How to really do onchain attribution

The Spindl approach to the hardest problem in marketing

Antonio García Martínez

Rohan Meringenti

Kunal Modi

, and

Bin Zhou

Dec 18, 2024

Root system of *Myosotis decumbens*, from the Wageningen University collection.

"For the want of a nail the shoe was lost;
For the want of a shoe the horse was lost;
For the want of a horse the battle was lost;
For the failure of battle the kingdom was lost;
And all for the want of a horseshoe nail."
-James Baldwin, ‘The Horseshoe Nails’ (1912)

What is Attribution?

Attribution is the problem of finding the causal “reason” why a particular event happened in the world. As business logic, the goal is to pick a winner in a competitive attention marketplace, which is also the main input into the marketplace’s business model. In short, who gets paid for driving this user (and their associated revenue), and how much do they get paid? It’s the central question in any marketing system; it’s also the hardest to answer.

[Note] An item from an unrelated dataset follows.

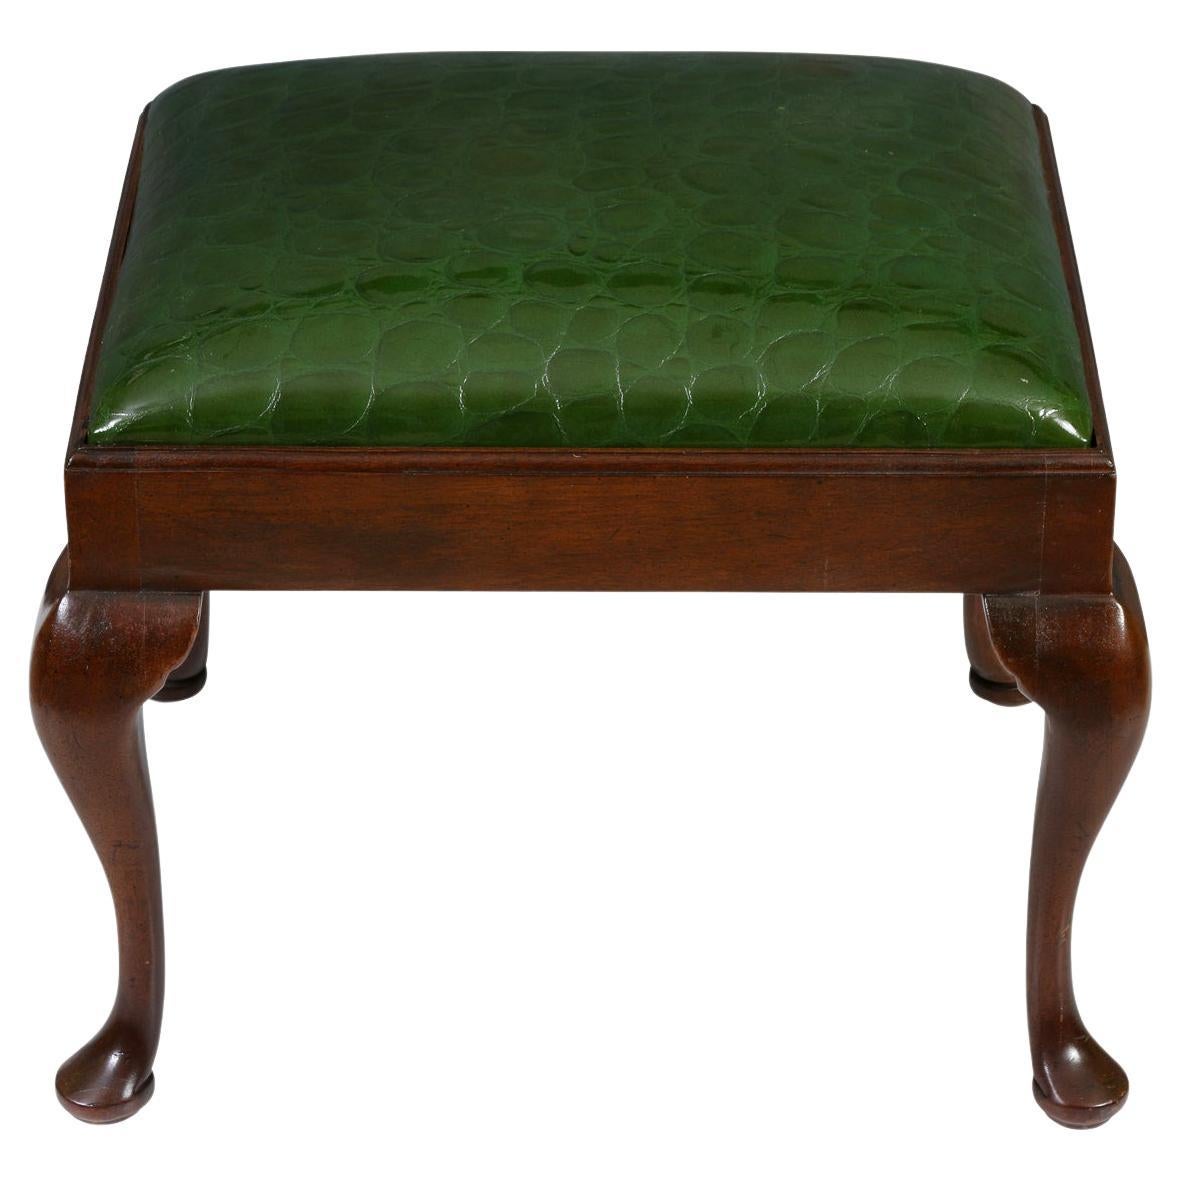 Old meets new in this great looking pair of Queen Anne style benches. Each has a has rectangular top, supported by graceful cabriole legs.  They have been reupholstered in a  vibrant faux crocodile green patent leather, giving them a whole new look!

To quote some numbers, as of the time of this writing, Spindl just crossed a billion events measured (both offchain and onchain), which is growing around 2-5 million events per day1. Our biggest, longest-running ‘user’ (and more on what that means in our ‘Identity’ piece next week) is on DEX aggregator Hashflow, who has somehow generated 105,954 events in 595 active days2. Vertex, a perps DEX, has alone generated over 100 million tracked events (!).

Why do we bother to track all these upstream events? Isn’t just looking at where the user clicked from good enough? Nope. Not even remotely.

Unlike session tracking via URL parameters in traditional analytics platforms—something often conflated with real attribution, but in practice quite different—marketing attribution is sticky. If a user is activated by an upstream app or publisher, that user will stay attributed to that source, no matter how many times (or from where) they come back to the advertised service.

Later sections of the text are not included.